残差块 block 的结构如下图所示,由两个卷积层和一个 shortcut 组成。shortcut 分为实线 shortcut 和 虚线 shortcut。

  • 实线 shortcut 的输入输出有相同的维度,故对输入特征执行 identity 保持输入输出一致即可
  • 虚线 shortcut 的输入输出有不同的维度,输出维度增加,故需要将输入维度扩展到输出维度大小,同时伴随特征图大小减半操作

飞桨 | 基于 Paddle 从零开始实现 Resnet18 之 模型结构_第4张图片
Block 的代码实现如下:
先做两次卷积操作,再将 shortcut h 和 block 的输出 x 求和,返回二者之和即可。

# 定义残差块 Block
# 一个 Block 由两个卷积层组成
class Block(nn.Layer):
    def __init__(self, in_dim, out_dim, stride):
        super().__init__()
        self.conv1 = nn.Conv2D(in_dim, out_dim, 3, stride=stride, padding=1,bias_attr=False)
        self.bn1 = nn.BatchNorm2D(out_dim)
        self.conv2 = nn.Conv2D(out_dim, out_dim, 3, stride=1,padding=1,bias_attr=False)
        self.bn2 = nn.BatchNorm2D(out_dim)
        self.relu = nn.ReLU()

        # shortcut 分为 实线 shortcut 和 虚线 shortcut
        # 实线 shortcut 的输入输出有相同的维度,故无需处理
        # 虚线 shortcut 的输出维度增加,故需要将输入维度扩展到输出维度大小,同时令 stride=2 减小特征图大小
        
        # 当 滑动步长为 2 或者 特征图输入输出维度不相等时,为虚线 shortcut,需要下采样 
        if stride == 2 or in_dim != out_dim:
            # 增加维度 + 下采样调整大小
            self.downsample = nn.Sequential(*[
                nn.Conv2D(in_dim, out_dim, 1, stride = stride),
                nn.BatchNorm2D(out_dim)])
        else:
            # 实线 shortcut 不做操作,保持不变
            self.downsample = Identity()

    def forward(self, x):
        # shortcut
        h = x
        # 做两次卷积
        x = self.conv1(x)
        x = self.bn1(x)
        x = self.relu(x)
        x = self.conv2(x)
        x = self.bn2(x)
        # 对 shortcut h 做处理,方便连接 x
        identity = self.downsample(h)
        x = x + identity 
        x = self.relu(x)
        return x

2. 定义 Layer 层

body 中一共包括 4 个 layer,每个 layer 由两个 block 组成。
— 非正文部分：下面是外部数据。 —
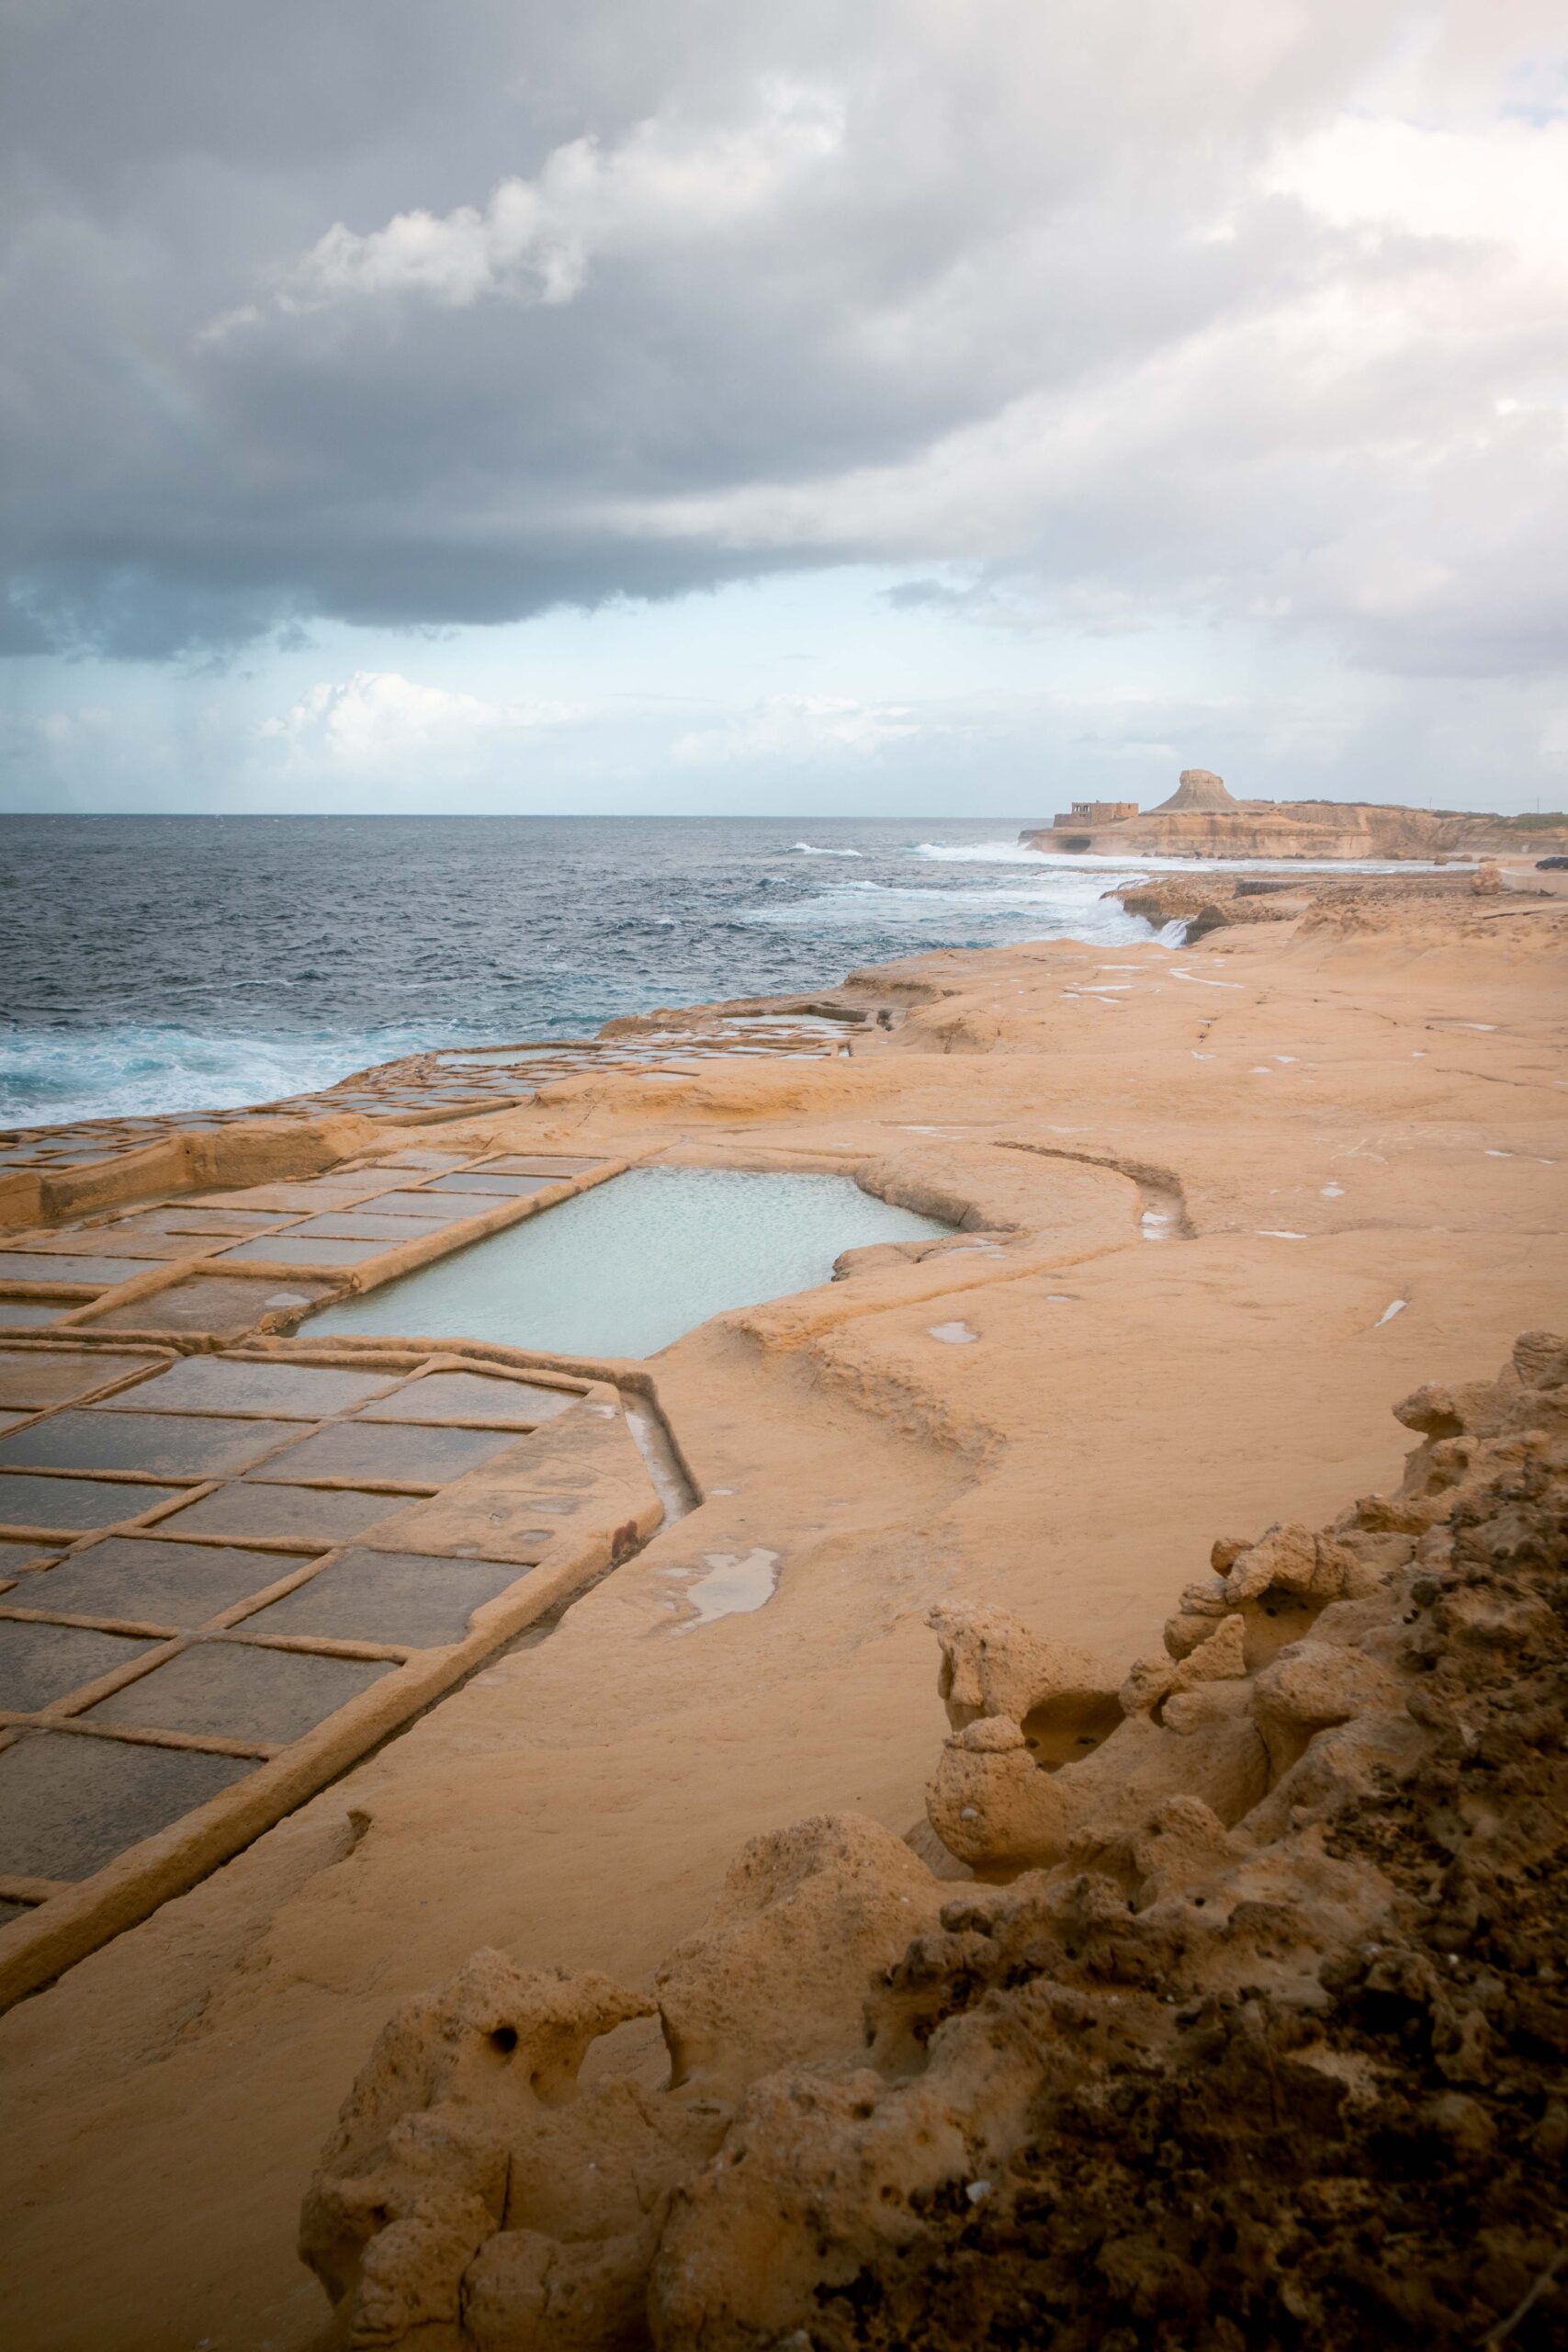 Agitated sea at Xwejni Salt Pans in Gozo island, Malta with a distant view of Xwejni Rock and Qolla l-Bajda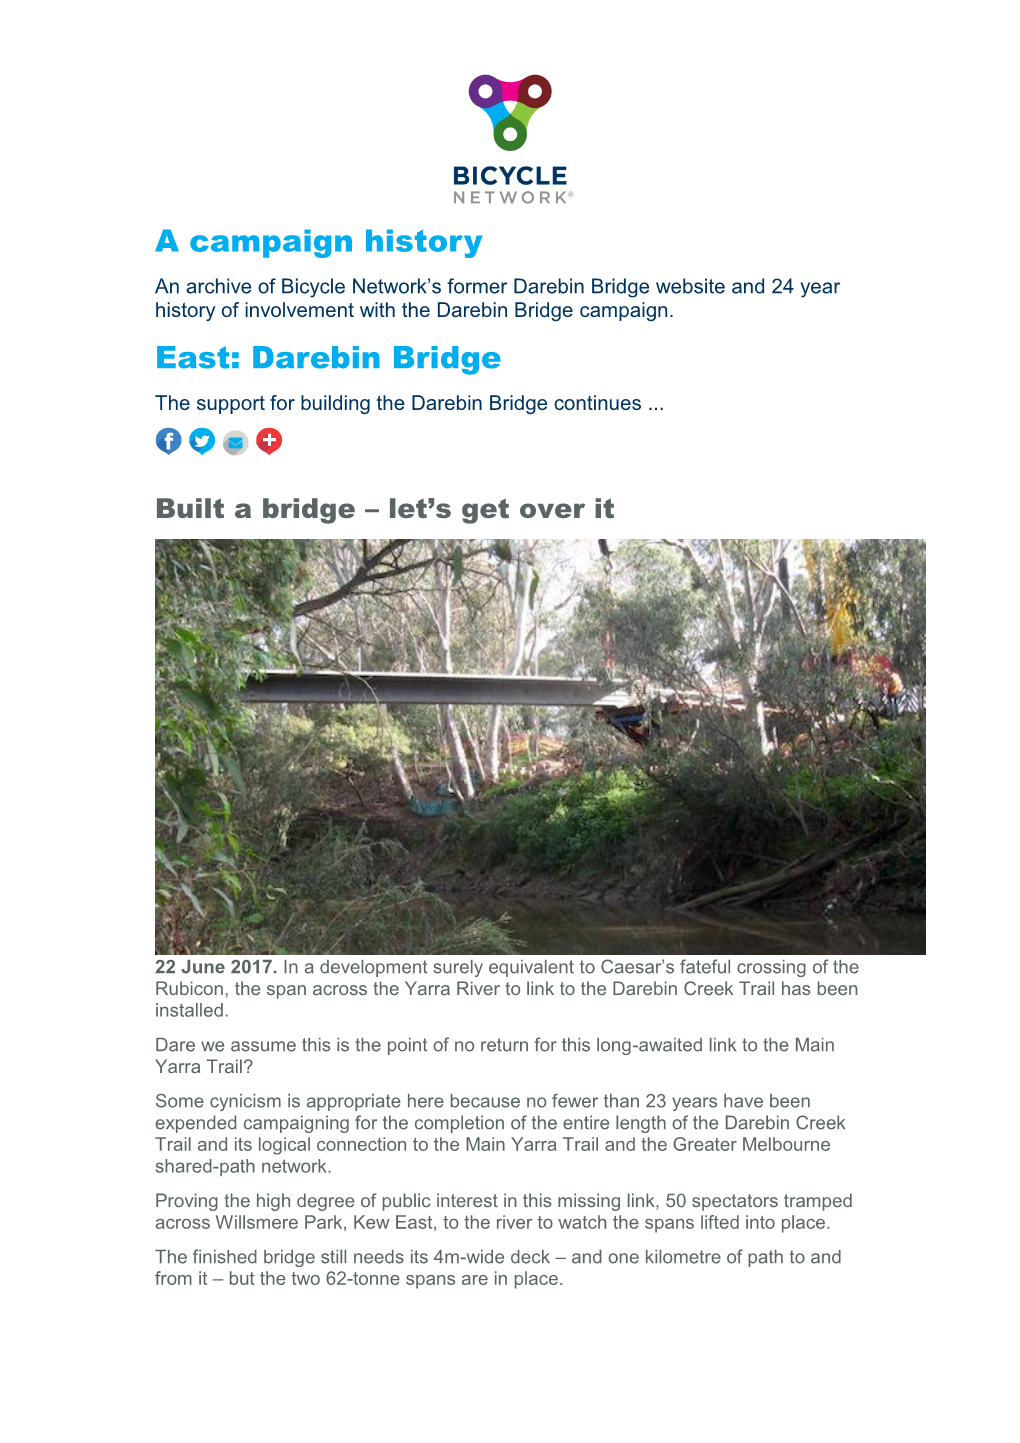 Darebin Bridge Website and 24 Year History of Involvement with the Darebin Bridge Campaign

第一个 block 可能会对特征图下采样(stride=2 或 stride=1),第二个 block 不会改变特征图大小(stride=1)。因此先将第一个 block 加入 layer,之后再循环加入剩余的 block。

def _make_layer(self, out_dim, n_blocks, stride):
    layers = []
    # 先加入一个 stride 不为 1 的 block,对特征图进行下采样
    layers.append(Block(self.in_dim,out_dim,stride=stride))
    self.in_dim = out_dim
    # 再加入 stride 为 1 的若干 block,特征图大小保持不变
    for i in range(1, n_blocks):
        layers.append(Block(self.in_dim, out_dim, stride=1))
    return nn.Sequential(*layers)

飞桨 | 基于 Paddle 从零开始实现 Resnet18 之 模型结构_第5张图片
参考上图,layer1 —— layer4 的维度分别为

self.layer1 = self._make_layer(out_dim=64,  n_blocks=2, stride=1)
self.layer2 = self._make_layer(out_dim=128, n_blocks=2, stride=2)
self.layer3 = self._make_layer(out_dim=256, n_blocks=2, stride=2)
self.layer4 = self._make_layer(out_dim=512, n_blocks=2, stride=2) 

3. 定义 stem 和 head

stem 包括一个 7x7 的卷积层,一个 3x3 的最大池化层。

        self.in_dim = in_dim
        self.conv1 = nn.Conv2D(in_channels=3, 
                        out_channels=in_dim, 
                        kernel_size=7,  
                        stride=2, 
                        padding=3,
                        bias_attr=False)

        self.bn1 = nn.BatchNorm2D(in_dim)
        self.relu = nn.ReLU()

        self.maxpool = nn.MaxPool2D(kernel_size=3, stride=2, padding=1)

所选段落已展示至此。